Duane syndrome (DS) is a rare, congenital eye movement disorder most commonly characterized by the inability of the eye to turn out. The syndrome was first described by Jakob Stilling (1887) and Siegmund Türk (1896), and subsequently named for Alexander Duane who discussed the disorder in more detail in 1905 Other names for this condition include: Duane's Retraction Syndrome (or DR syndrome), Eye Retraction Syndrome, Retraction Syndrome, Congenital retraction syndrome and Stilling-Turk-Duane Syndrome.

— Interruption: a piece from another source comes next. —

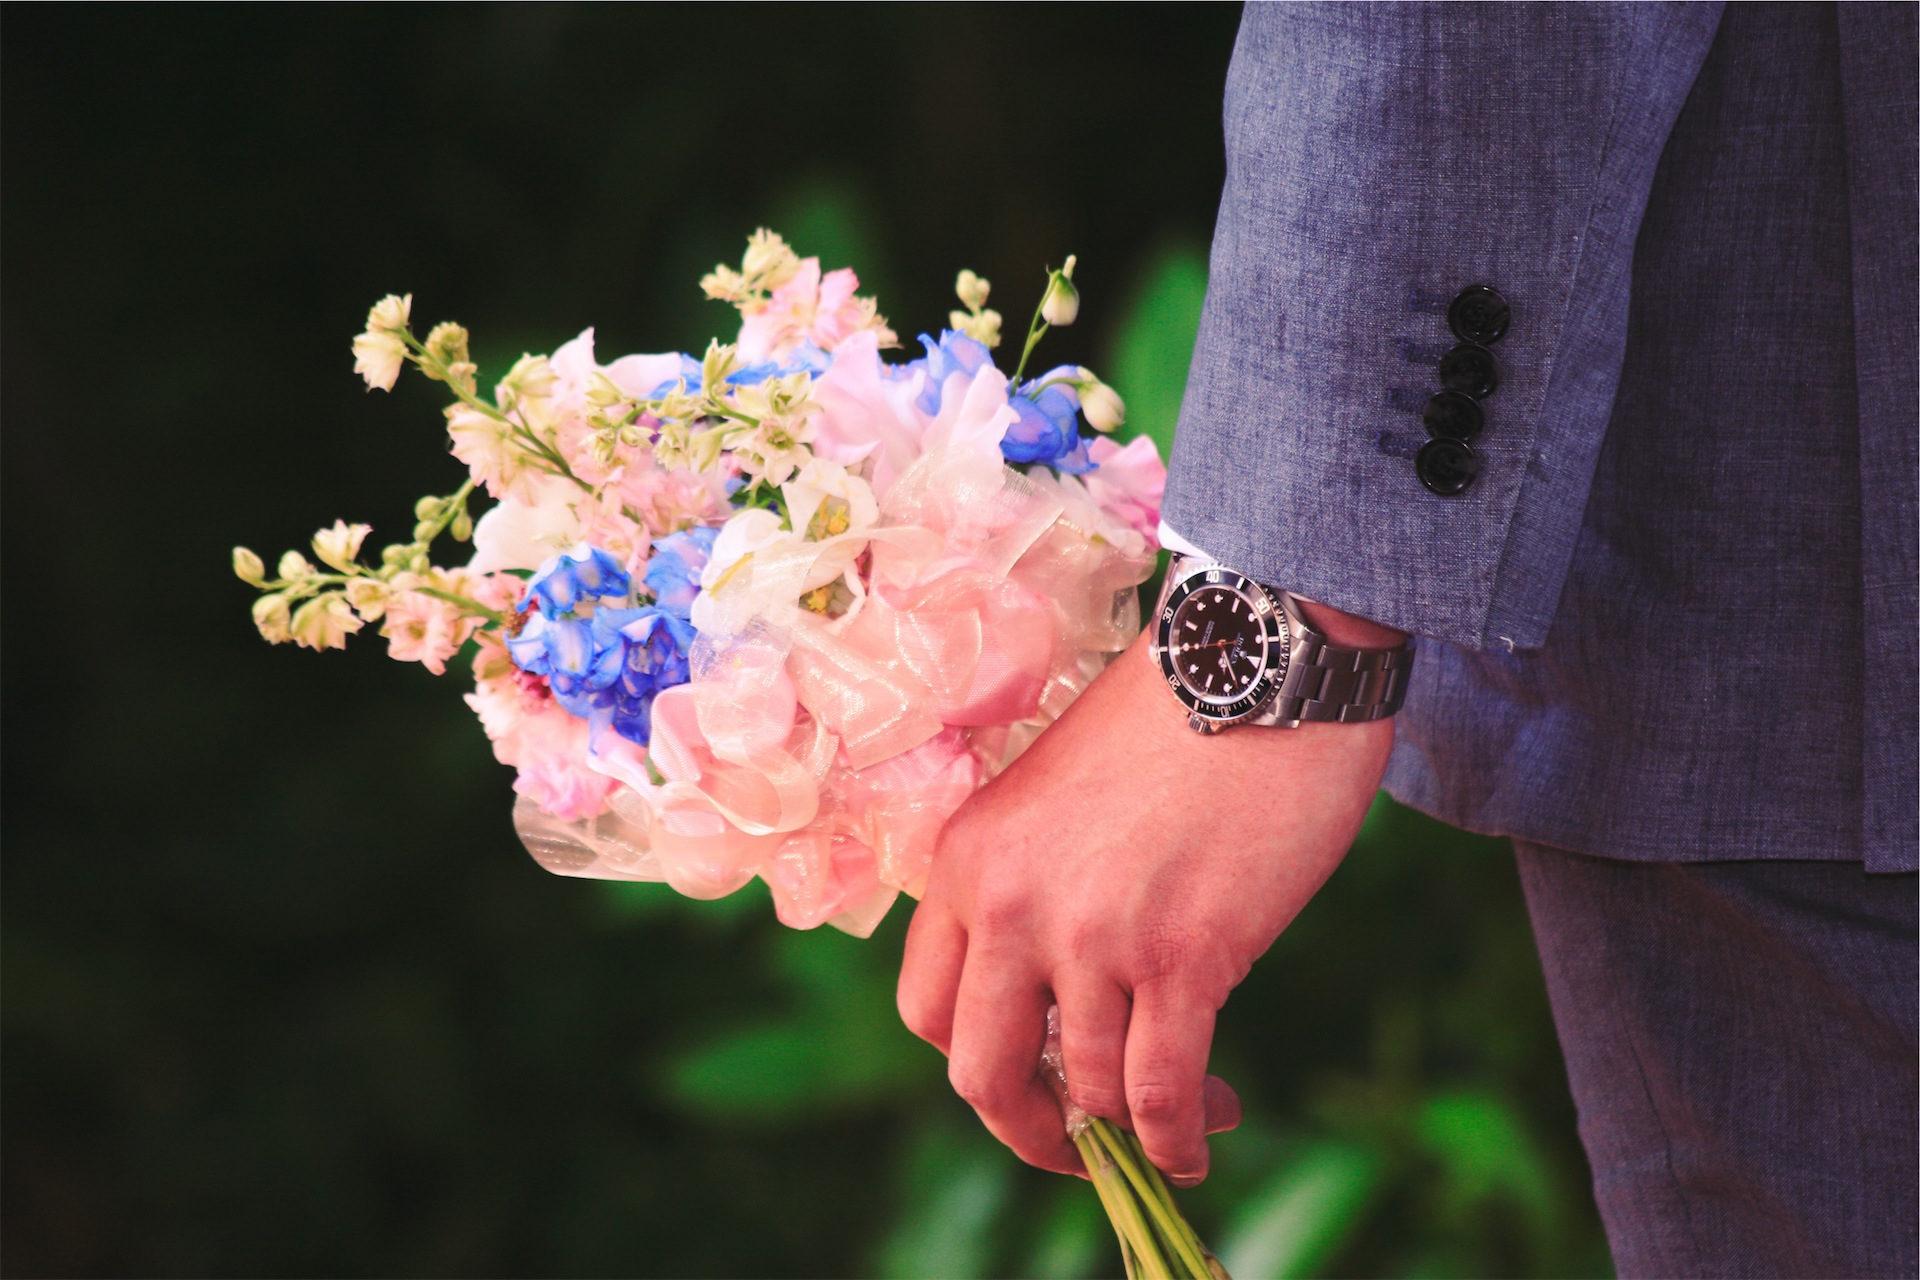 Blumenstrauß, Blumen, Uhr, Mann, Kostüm - Wallpaper HD - Prof.-falken.com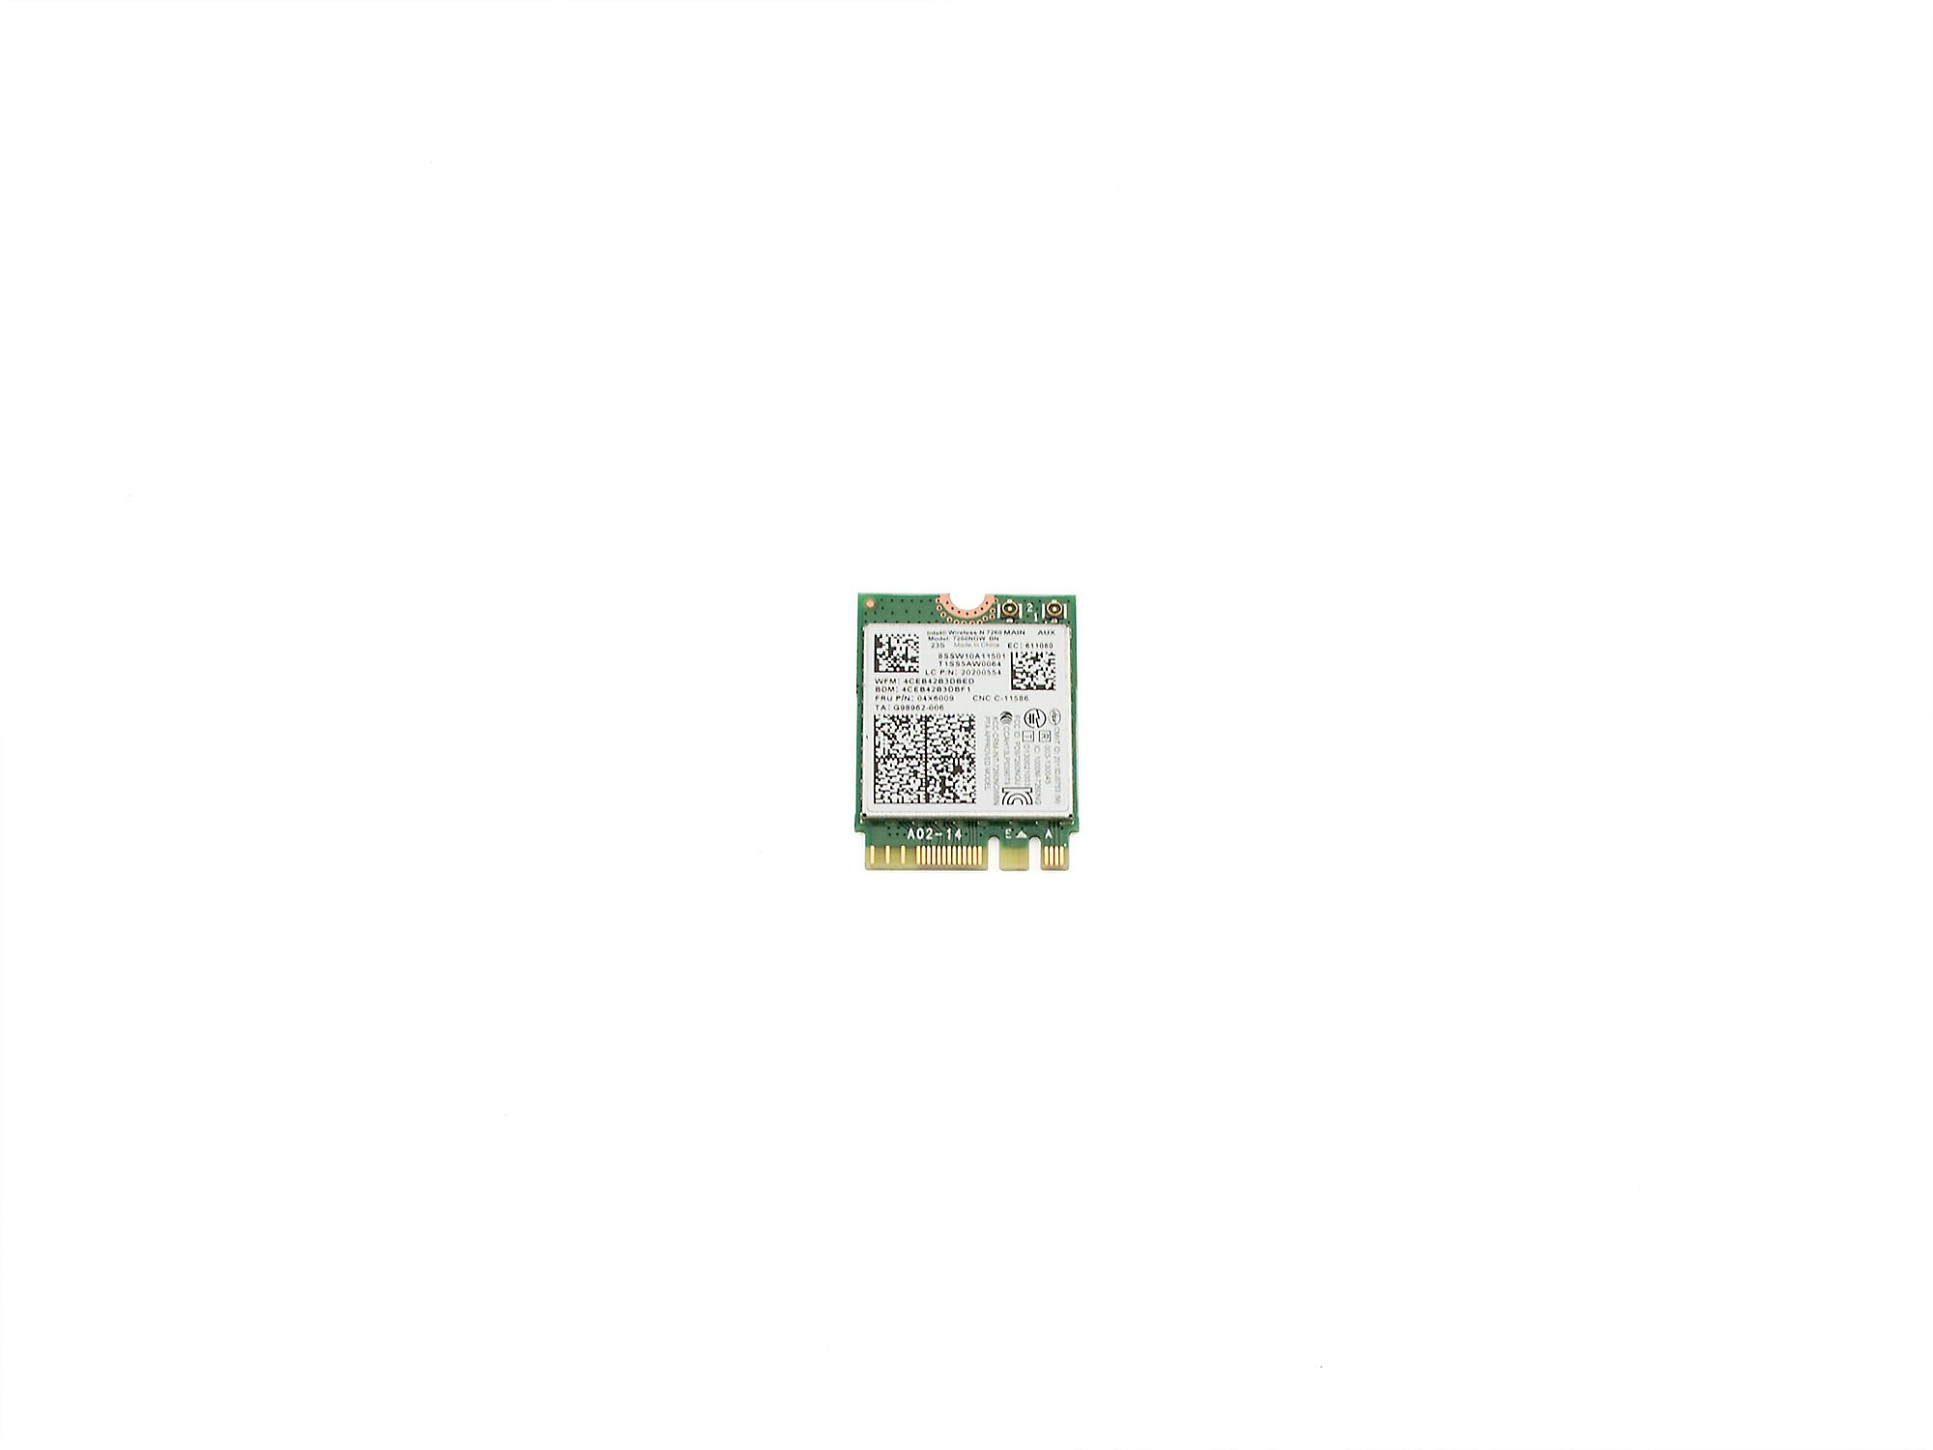 Intel Wireless-N 7260 MAIN für Lenovo ThinkPad X240 (20AL) Serie

DS is a miswiring of the eye muscles, causing some eye muscles to contract when they shouldn't and other eye muscles not to contract when they should. Alexandrakis G & Saunders RA  state that: In most cases, the abducens nucleus and nerve are absent or hypoplastic, and the lateral rectus muscle is innervated by a branch of the oculomotor nerve. However, there may be contributing mechanical abnormalities This view is supported by the earlier work of Hotchkiss et al who reported on the autopsy findings of two patients with Duanes syndrome. In both cases the sixth cranial nerve nucleus was absent, as was the sixth nerve, and the lateral rectus muscle was innervated by the inferior division of the third or oculomotor cranial nerve. This misdirection of nerve fibres results in opposing muscles being innervated by the same nerve. Thus, on attempted abduction, stimulation of the lateral rectus via the oculomotor nerve will be accompanied by stimulation of the opposing medial rectus via the same nerve; a muscle which works to adduct the eye. Thus, co-contraction of the muscles takes place, limiting the amount of movement achievable and also resulting in retraction of the eye into the socket
The majority of patients remain symptom free and able to maintain binocularity with only a slight face turn. Amblyopia is uncommon and, where present, rarely dense. This can be treated with occlusion, and any refractive error can also be corrected. Duane syndrome cannot be cured, as the "missing" cranial nerve cannot be replaced and, traditionally there has been no expectation that surgery will result in any increase in the range of eye movement. Surgical intervention, therefore, has only been recommended where the patient is unable to maintain binocularity, where they are experiencing symptoms, or where they are forced to adopt a cosmetically unsightly or uncomfortable head posture in order to maintain binocularity. The aims of surgery are to place the eye in a more central position and, thus, place the field of binocularity more centrally also, and to overcome or reduce the need for the adoption of an abnormal head posture. Occasionally surgery is not needed during childhood, but becomes appropriate later in life, as head position changes (presumably due to progressive muscle contracture).